How the WoodCentral Archive section works

Overview

The system is a static inverted-index search engine for your legacy PHP articles. It reads .php files from the articles directory, extracts content, builds three JSON caches, and enables fast keyword or search-term lookups without querying a database.

The three JSON outputs are:

archive_meta.json – Metadata per file (title, snippet, keywords).
archive_keywords.json – Frequency count of all meta keywords across files.
archive_index.json – Inverted index mapping words → files containing them.

Workflow

1. File Discovery

Uses glob($articlesDir.'/*.php') to locate all PHP article files.
Iterates over each file and reads the contents via file_get_contents().
Files that fail to read are skipped with a warning.

2. Metadata Extraction

Title: Extracted using regex: /<title>(.*?)<\/title>/si.
Meta keywords: Extracted using regex:

/<meta\s+name=["']keywords["']\s+content=["'](.*?)["']\s*\/?>/si

Keywords are normalized: lowercased, trimmed, and stored in both:
- $fileKeywords for the current file.
- $keywords global array for counting occurrences.

3. Content Extraction for Search

Primary content comes from <main id="wc-main">:

/<main[^>]*id=["']wc-main["'][^>]*>(.*?)<\/main>/si

If <main> is missing, the entire file content is used as a fallback.
Content is stripped of HTML tags using strip_tags(), whitespace is normalized with preg_replace('/\s+/',' ', ...).
A display snippet is created using mb_substr($snippetText, 0, 300) — used in search result previews.

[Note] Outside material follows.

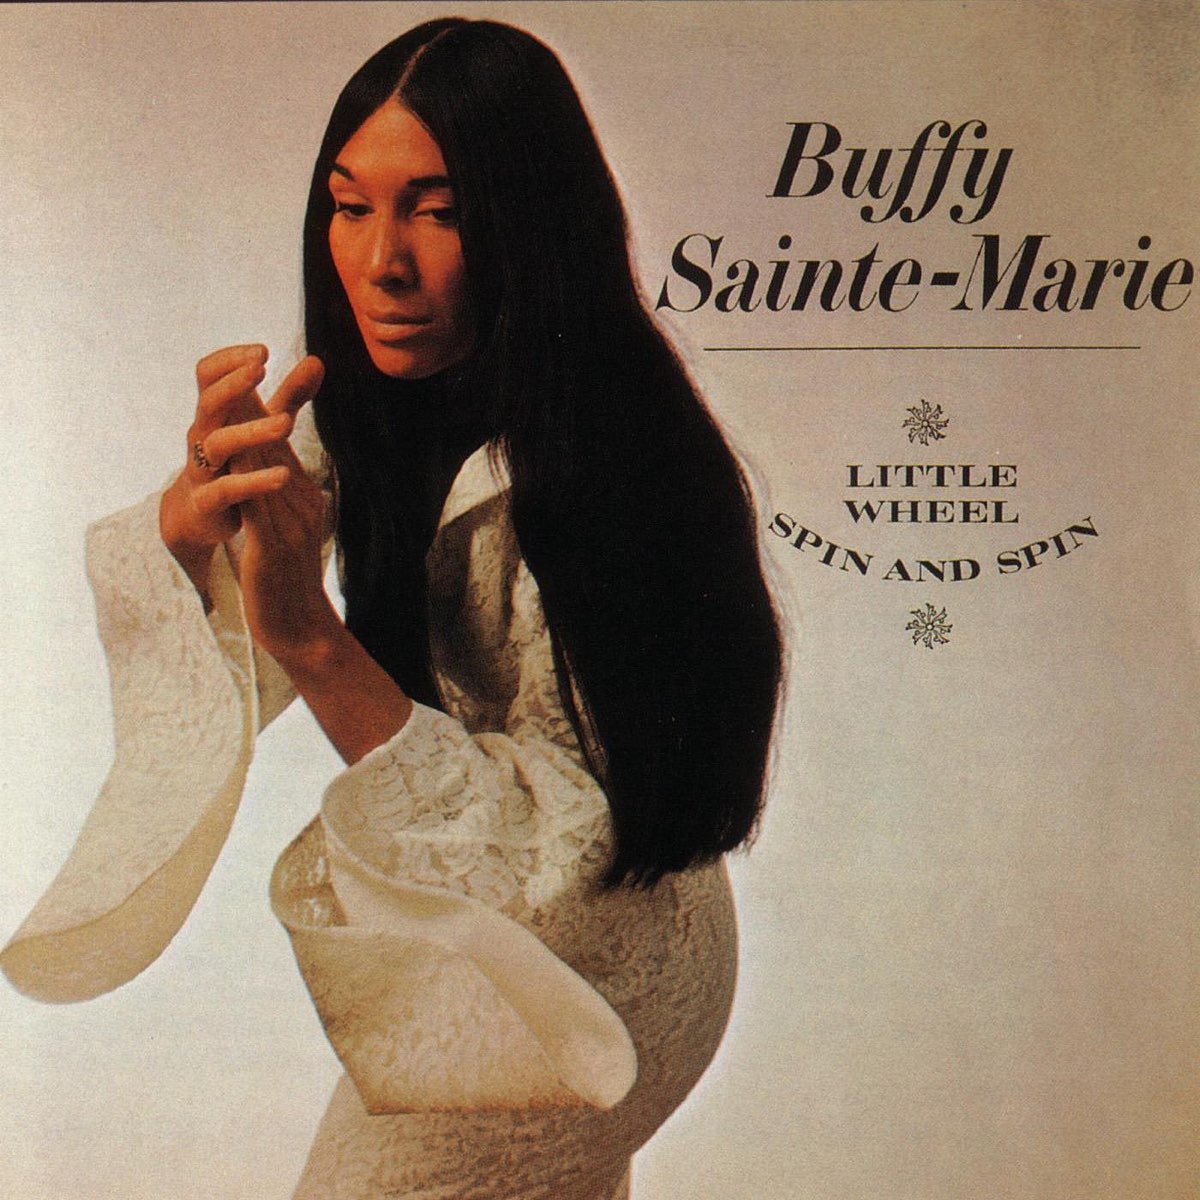 Buffy Sainte-Marie 的 专 辑(Little Wheel Spin and Spin) .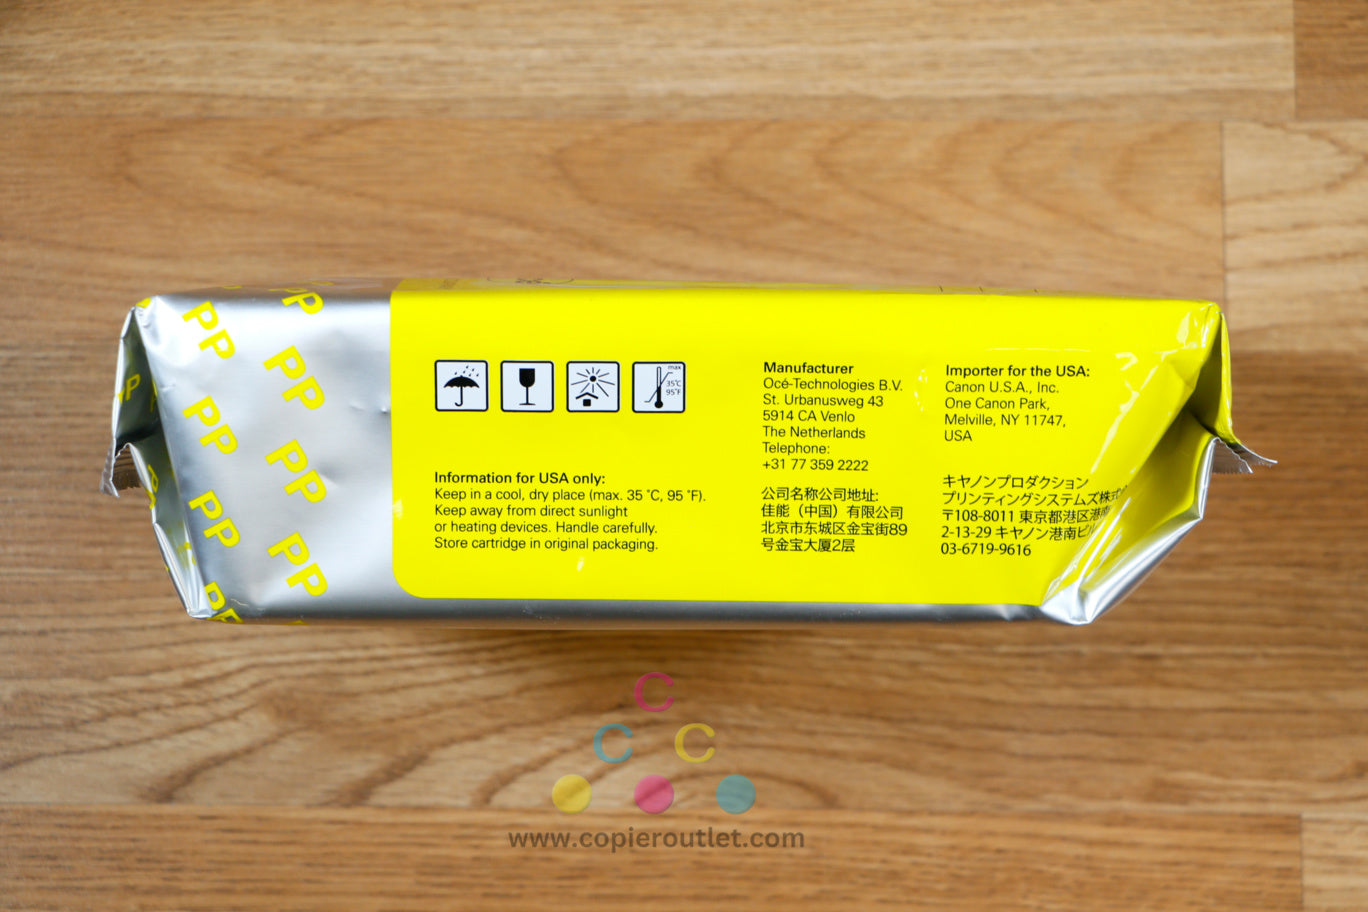 Oce Colorwave 600 1060099516 Yellow Toner Pearls PP 500gms *Same Day Shipping!!

4. Inverted Index Generation

Full text for indexing: $text = strtolower($title . ' ' . $snippetText);
Clean-up for search indexing:

$text = preg_replace('/[^\p{L}\p{N}\s\-]+/u',' ', (string)$text);

Removes punctuation except internal dashes/numbers (e.g., 1-qt).
Converts all letters to lowercase for case-insensitive search.
Split text into words using preg_split('/\s+/u', (string)$text, -1, PREG_SPLIT_NO_EMPTY).
Words are filtered:
- Minimum length: 2 characters.
- Stop words excluded (common words like the, and, for).
For each valid word, add the filename to the inverted index $index[word][].
After all files, duplicates in $index[word] are removed using array_unique().

5. JSON Cache Files

archive_meta.json – keyed by filename:

{
  "russ04.php": {
    "file": "russ04.php",
    "title": "A RECIPE FOR CREATING SPALTED WOOD",
    "snippet": "Since the question of spalting comes up time and again, I will share a description of ...",
    "keywords": ["russ fairfield"]
  }
}

archive_keywords.json – frequency map:

{
  "russ fairfield": 1,
  "woodturning": 12,
  ...
}

archive_index.json – inverted index:

{
  "oak": ["russ04.php", "other_article.php"],
  "leaves": ["russ04.php", "article_521.php"],
  "spalted": ["russ04.php", "spalt_article.php"],
  ...
}

Enables fast lookup of files containing any given word.

6. Search Process (Client-Side Reference)

User input (search parameter) is normalized similarly: lowercase, punctuation removed, split into words.
The inverted index is consulted for each word.
Intersection of arrays ensures that multiple-word searches only return files containing all words.
Keyword filters (keywords[]) are applied post-search using array_intersect() with the article’s meta keywords.
Final results are sorted alphabetically by title.

7. Technical Notes

PHP 8.3 Compatibility: (string)$text ensures preg_split() never receives null.
Unicode Support: Regex uses \p{L} and \p{N} with the u modifier for proper Unicode word handling.
Performance: All JSON caches are prebuilt; runtime search is array-based → avoids database queries.
Extensibility:
- Additional stop words can be added to $stop.
- Snippet length adjustable via mb_substr().
- Indexing rules can be modified (e.g., include numbers, punctuation, or phrases).
- Files without <main> are safely indexed using fallback content.

8. Recommendations for Modifications

Exact Phrase Matching: Currently the search is word-based. Post-filtering $results with stripos($content, $searchPhrase) will allow phrase-only matches.
Multi-Language Support: Extend stop words and character classes for non-English letters.
Incremental Indexing: Currently, the script rebuilds everything. Could optimize to only re-index changed files.
Search Scoring / Ranking: Add frequency-based scoring using $keywords or $index[word] counts.

This documentation should allow another programmer to understand, maintain, and extend the indexing/search system, including handling new articles, keywords, or advanced search features.